Working data ->
■ ■ ■ ■ ■
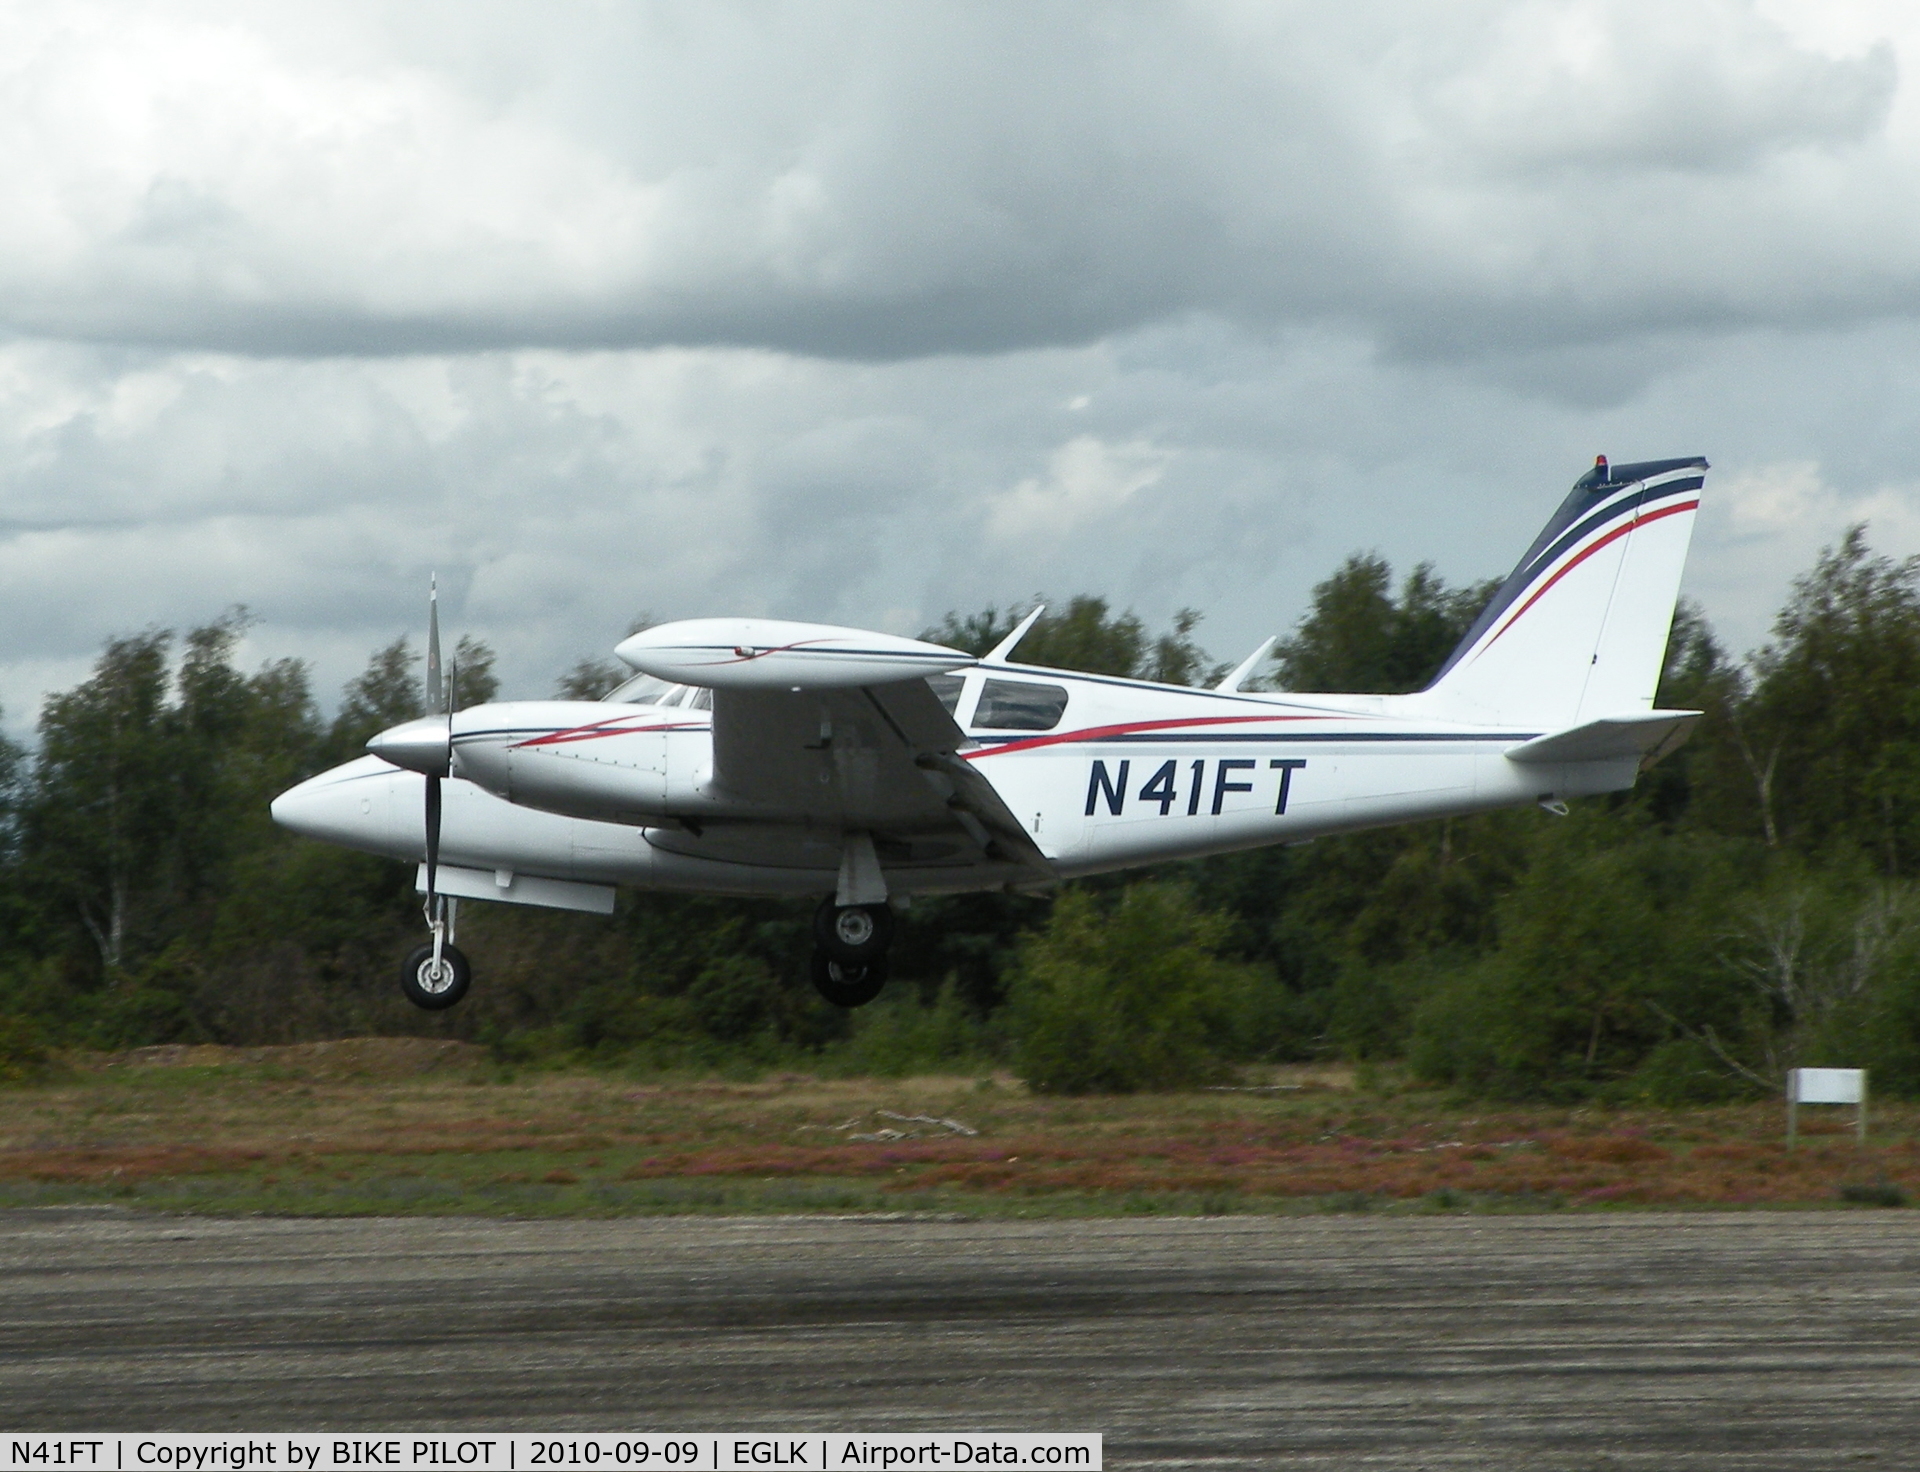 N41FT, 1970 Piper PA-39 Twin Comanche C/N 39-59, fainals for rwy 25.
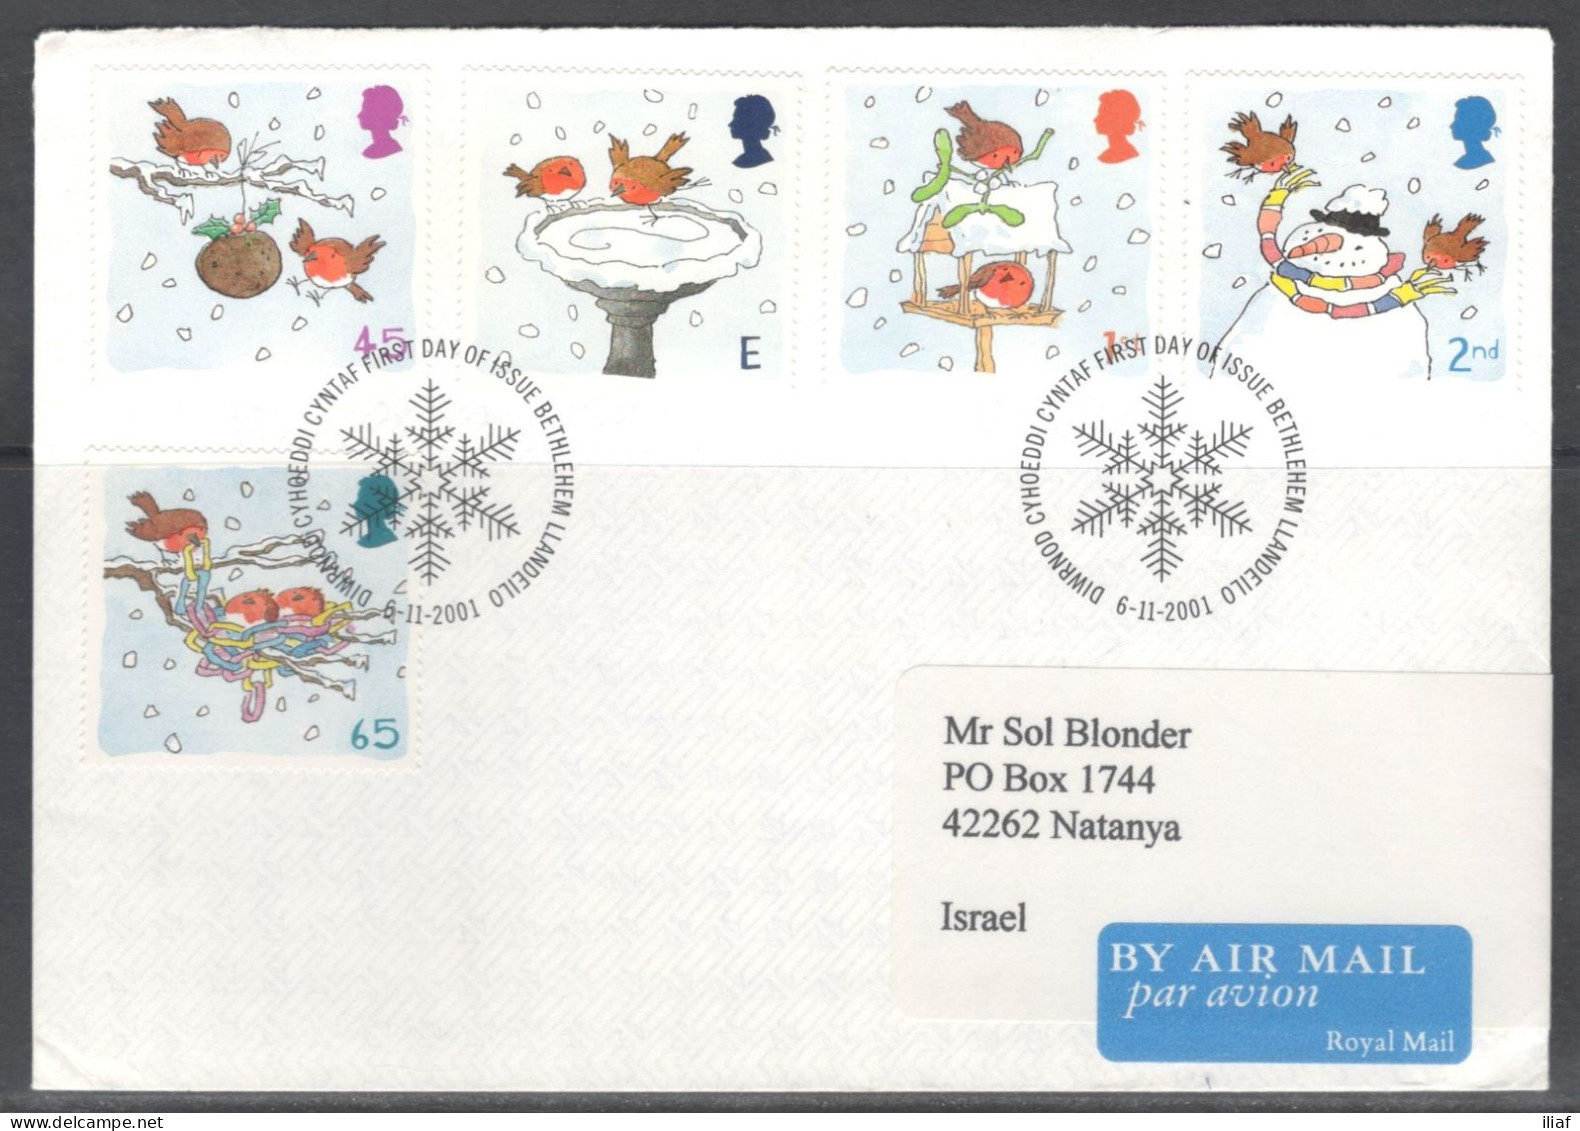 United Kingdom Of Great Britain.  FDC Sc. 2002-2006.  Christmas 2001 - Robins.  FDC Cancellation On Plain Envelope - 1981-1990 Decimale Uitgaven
■ ■ ■ ■ ■
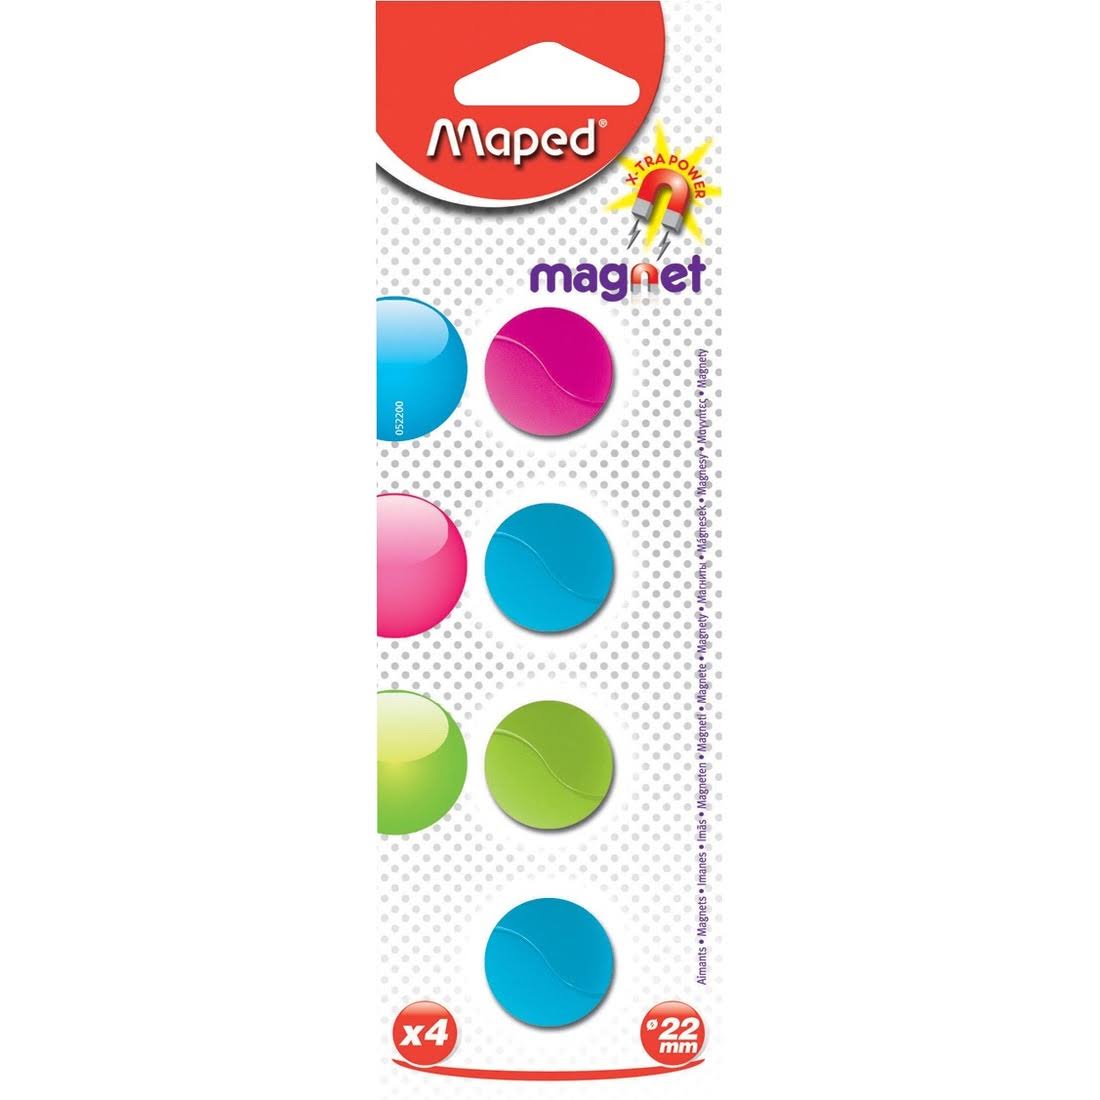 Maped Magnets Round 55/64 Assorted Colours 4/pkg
■ ■ ■ ■ ■
Your objective -> With pictures excluded, reproduce exactly the lines above from the one containing "N41FT, 1970 Piper" down to the one containing "United Kingdom Of", those two included.

Task solution ->
 N41FT, 1970 Piper PA-39 Twin Comanche C/N 39-59, fainals for rwy 25.
 United Kingdom Of Great Britain.  FDC Sc. 2002-2006.  Christmas 2001 - Robins.  FDC Cancellation On Plain Envelope - 1981-1990 Decimale Uitgaven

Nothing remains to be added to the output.